My PhD research focuses on environmental and health impacts of hydraulic fracturing to extract unconventional shale gas. I am currently exploring methods to strengthen the regulatory framework to better protect the environment and public health, including incorporating economics, sociology, social geography, and other means to measure and assess the impacts of ‘fracking’. The goal of SHAPE ENERGY—using strategies from social science and humanities to advance environmental policy—intrigued me, motivating me to address my research from different perspectives, which I further developed during a SHAPE ENERGY Summer School at the University of Lyon’s ENTPE. I was excited to learn that there was a new opportunity to further expand on what I had learned in the summer school, and apply these methods in a practical setting—through the SHAPE ENERGY PhD Internships.

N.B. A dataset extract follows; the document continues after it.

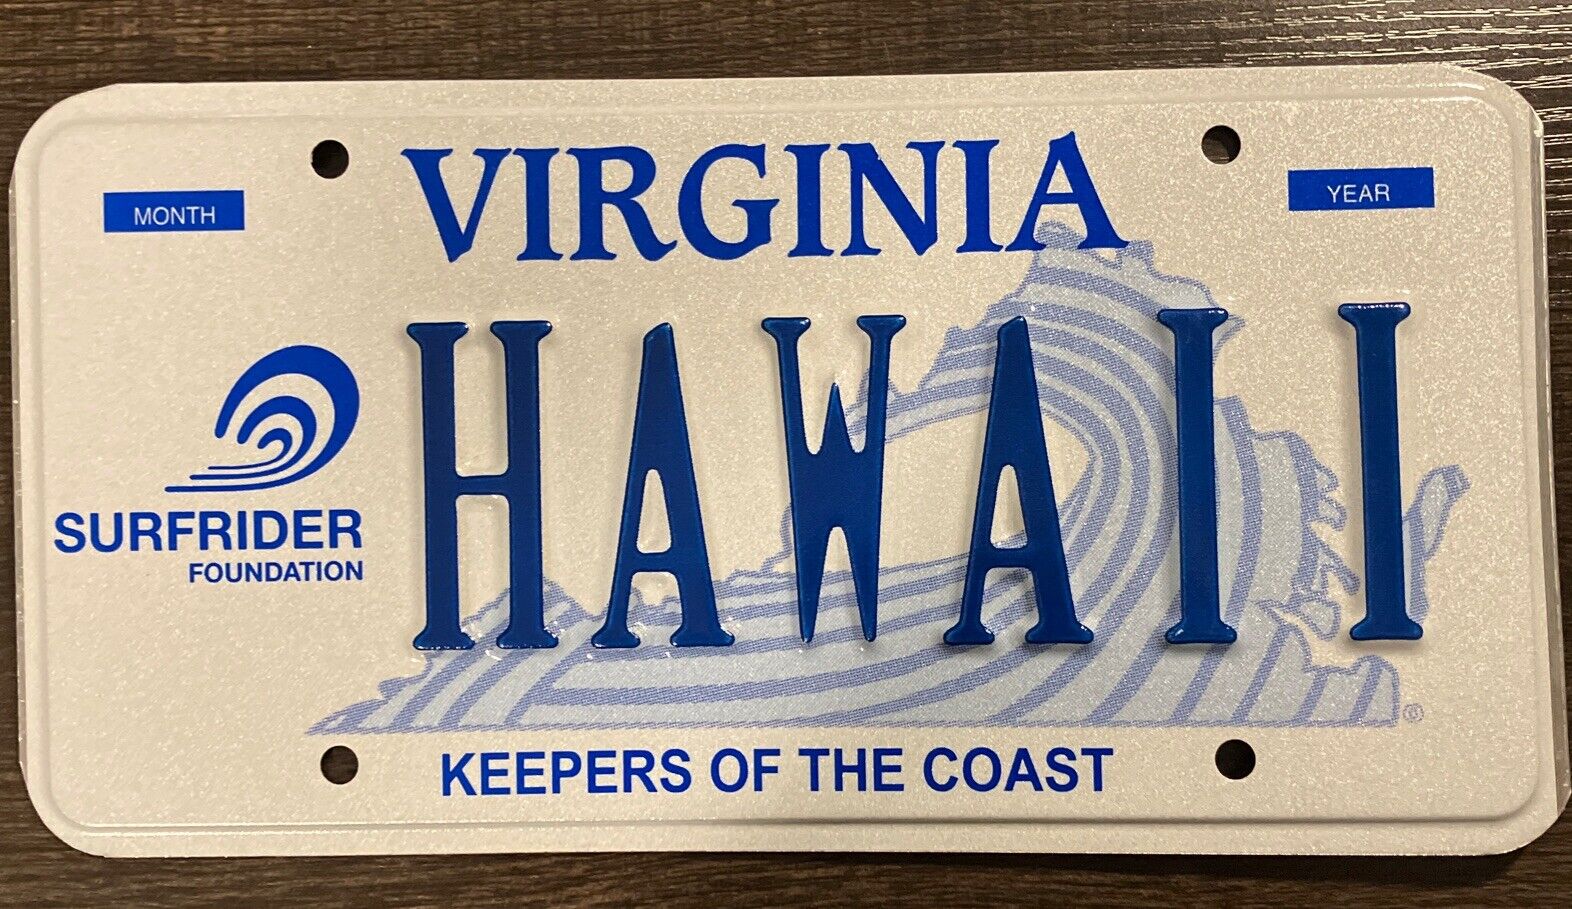 Virginia Personalized Vanity License Plate Tag HAWAII Surf rider Keeper of Coast

The project I chose—the EU Resource Efficiency Coordination Action, EURECA—looks at ways to promote energy efficiency in data centres and therefore to reduce environmental impacts. EURECA is a three-year funded project under the H2020 programme, which includes international partners from the United Kingdom, Ireland, Netherlands and Germany with the goal of providing solutions to help identify cost-saving opportunities whilst minimizing environmental impacts of hardware and other procurement selections in data centres.
My supervisor, Dr. RabihBashroush, is the Coordinator of the EURECA project as well as the Director of the Enterprise Computing research group at the University of East London, where I was based for my internship.1 And although my home university, Imperial College London, is based in the same city, it felt like a chance to experience a totally different city! Imperial is on the far West end of London, while UEL is on the opposite end of huge London, on the canal. Opposite the London City Airport, the campus is newly constructed, with brightly colored buildings on the dock. I found housing in a sunny Airbnb with a balcony overlooking the canal, and only a half hour walk, or few minutes on the train, from my new campus.
On my first day, I met Dr. Bashroush, who gave me a thorough introduction to the project. Dr. Bashroush explained that there are many ways to increase energy use efficiency in server data centres—and therefore reduce environmental impacts, including ‘virtualization’ to prevent redundancy in servers, and by refreshing the hardware and software to ensure the servers are operating at their greatest efficiency.
A data centre is a facility where networked computers are housed, and vast, and increasing amounts of data are stored and processed. The problem of high energy use—particularly in older servers—and approaches to reduce impact was something I knew little about when I arrived. I began the internship with no knowledge of server technology and had not much about the energy usage and potential environmental impacts of data centre IT equipment. But I think that’s exactly what made for such an interesting experience: learning something completely new, but with lessons and applications in my own PhD research. My research looks at a specific problem—potential for environmental and health damage in the developing technology of fracking. This internship presented a different but related problem—environmental impacts posed by high levels of energy use in data centres. My first task was to understand the problem. I met with my supervisor to learn more about the EURECA team’s research and further developed background by reading the literature on their work to more fully understand the source of environmental and health risk related to energy use in high volume data centres. After developing a general understanding of the workings of these centres, I began to focus on one particular aspect of a centre’s operation. EURECA has collected data on the energy savings, or benefits, of refreshing or updating hardware. Using this data, I posed the question that I would answer during the internship: how could hardware refresh be ‘translated’ into specific environmental and health benefits? How could I use my understanding of environmental impact assessment to strengthen the environmental argument in their research and findings? The goal of my internship would be to provide the team with a report detailing the health and environmental benefits of hardware updating compared with ‘business as usual’–a daunting task but a valuable experience to be able to use my research and analytic skills in a setting with real-world impacts. As I continue working on the project, I am enjoying finding intersections between EURECA and my PhD research.